(Beginning of Records shown)
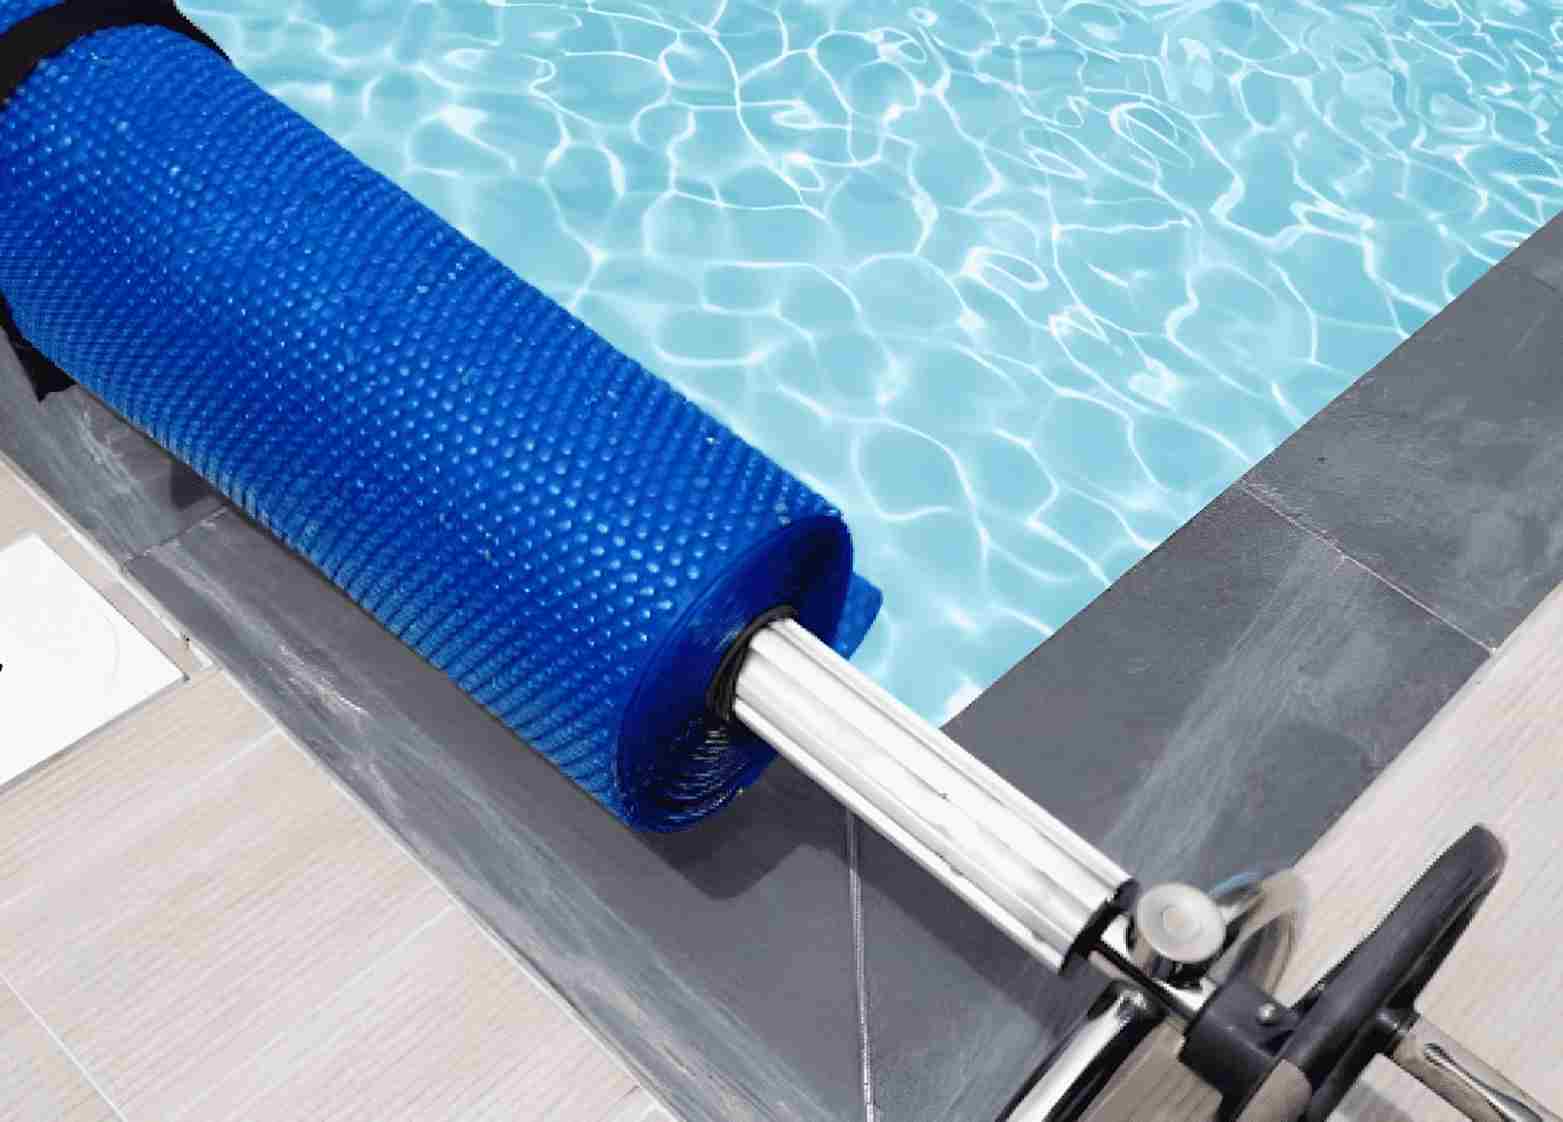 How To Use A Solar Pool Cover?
(End of Records shown)
(Beginning of Records shown)
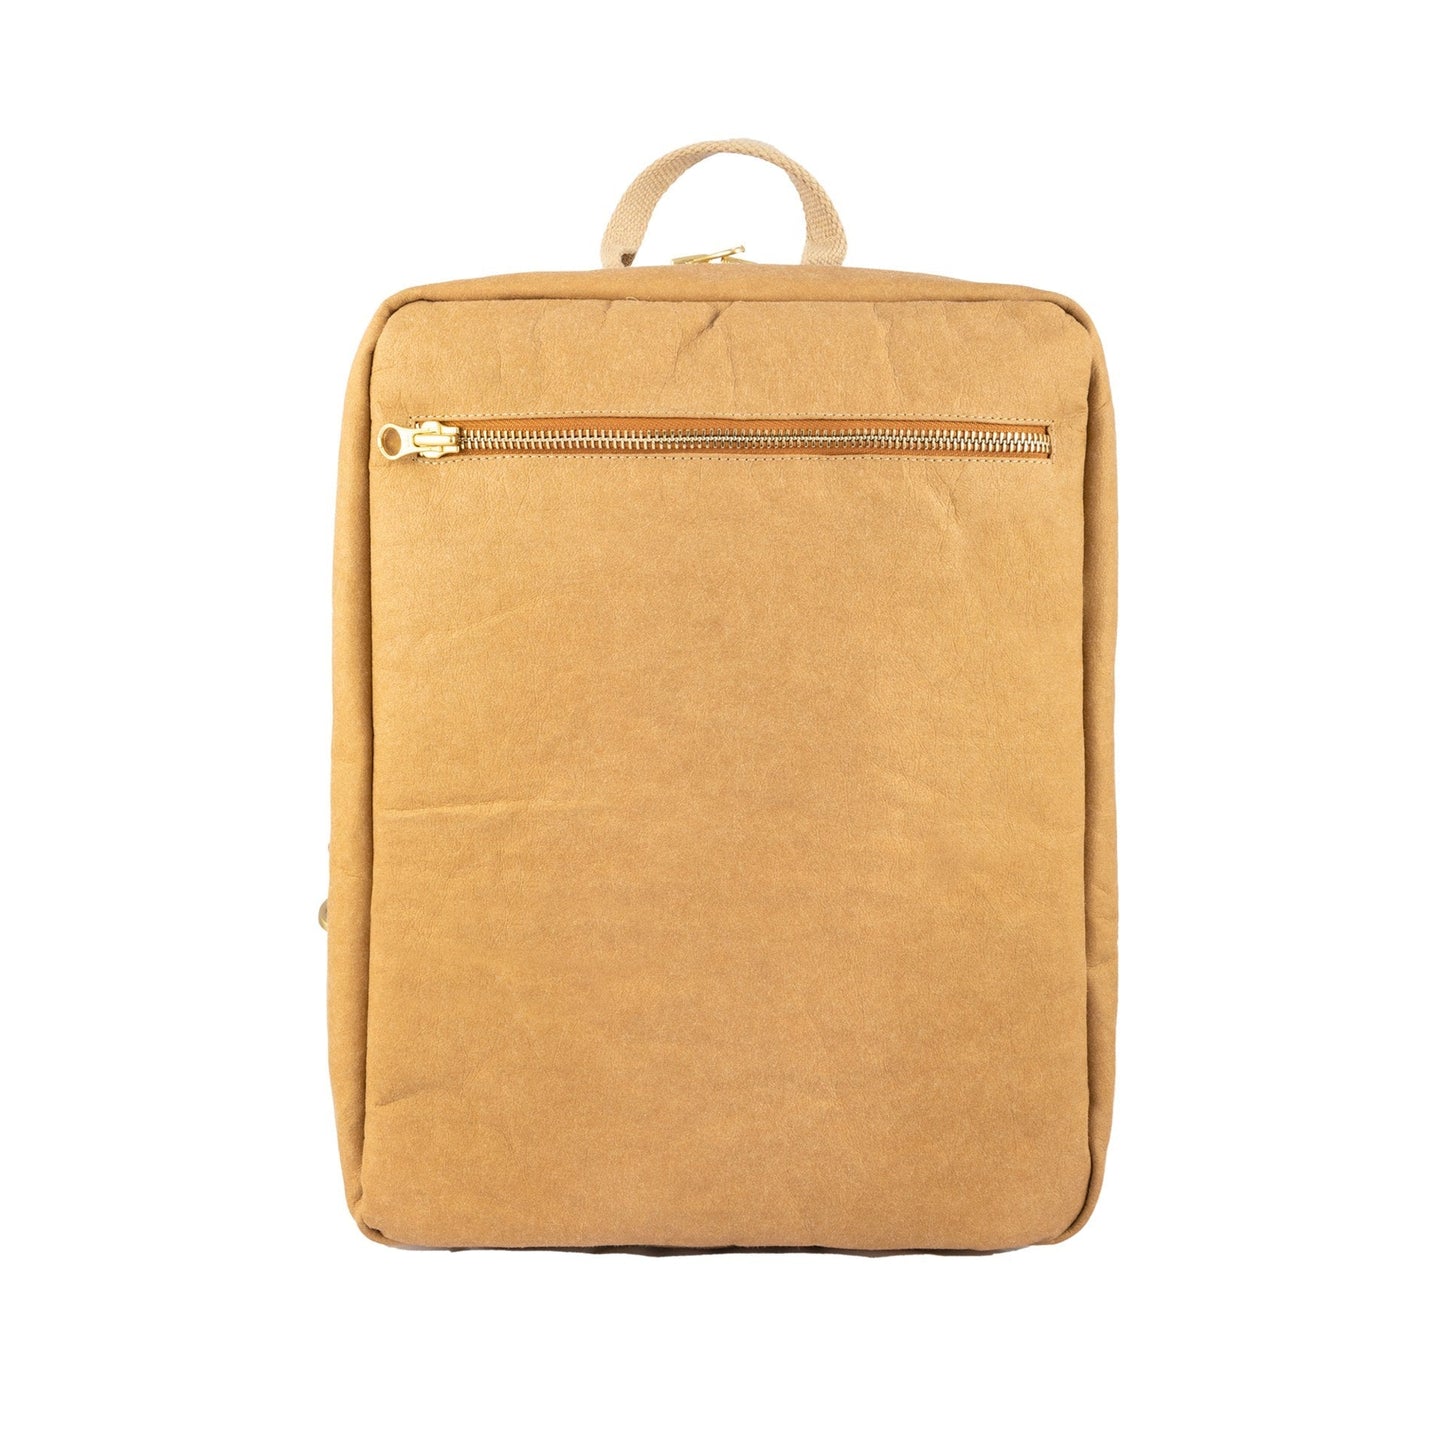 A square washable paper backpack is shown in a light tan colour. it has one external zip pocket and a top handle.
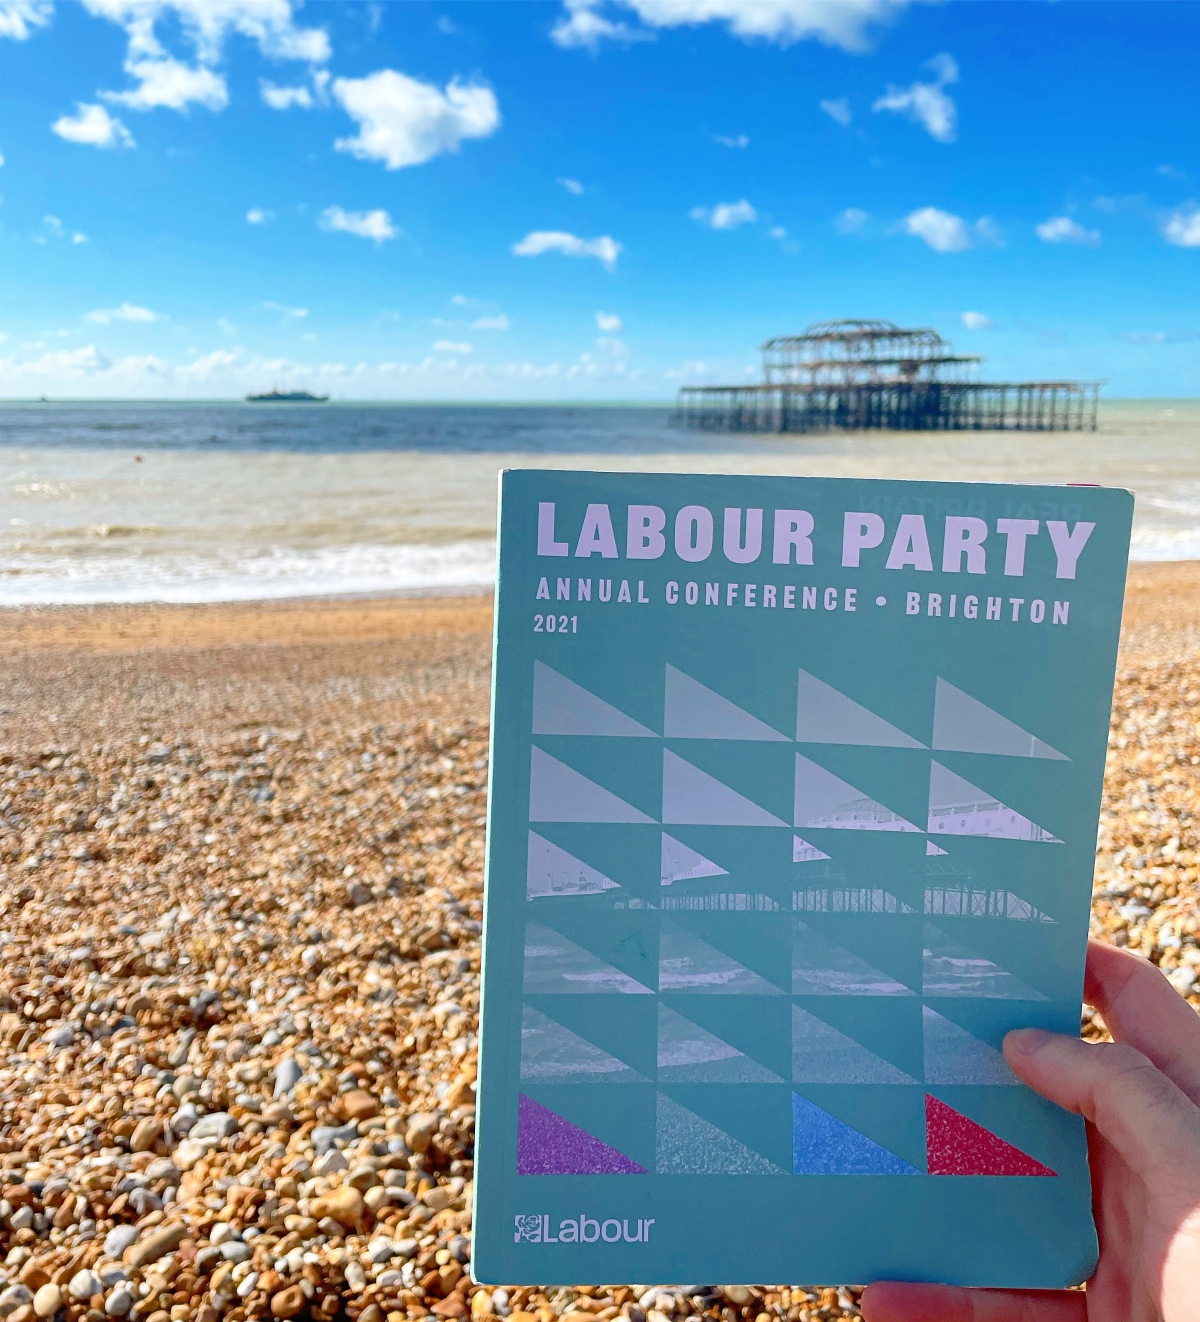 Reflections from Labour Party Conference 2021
(End of Records shown)
Between and including the line with "A square washable" and the line with "Reflections from Labour", repeat every line exactly as it appears above, with pictures left out.

 A square washable paper backpack is shown in a light tan colour. it has one external zip pocket and a top handle.
 Reflections from Labour Party Conference 2021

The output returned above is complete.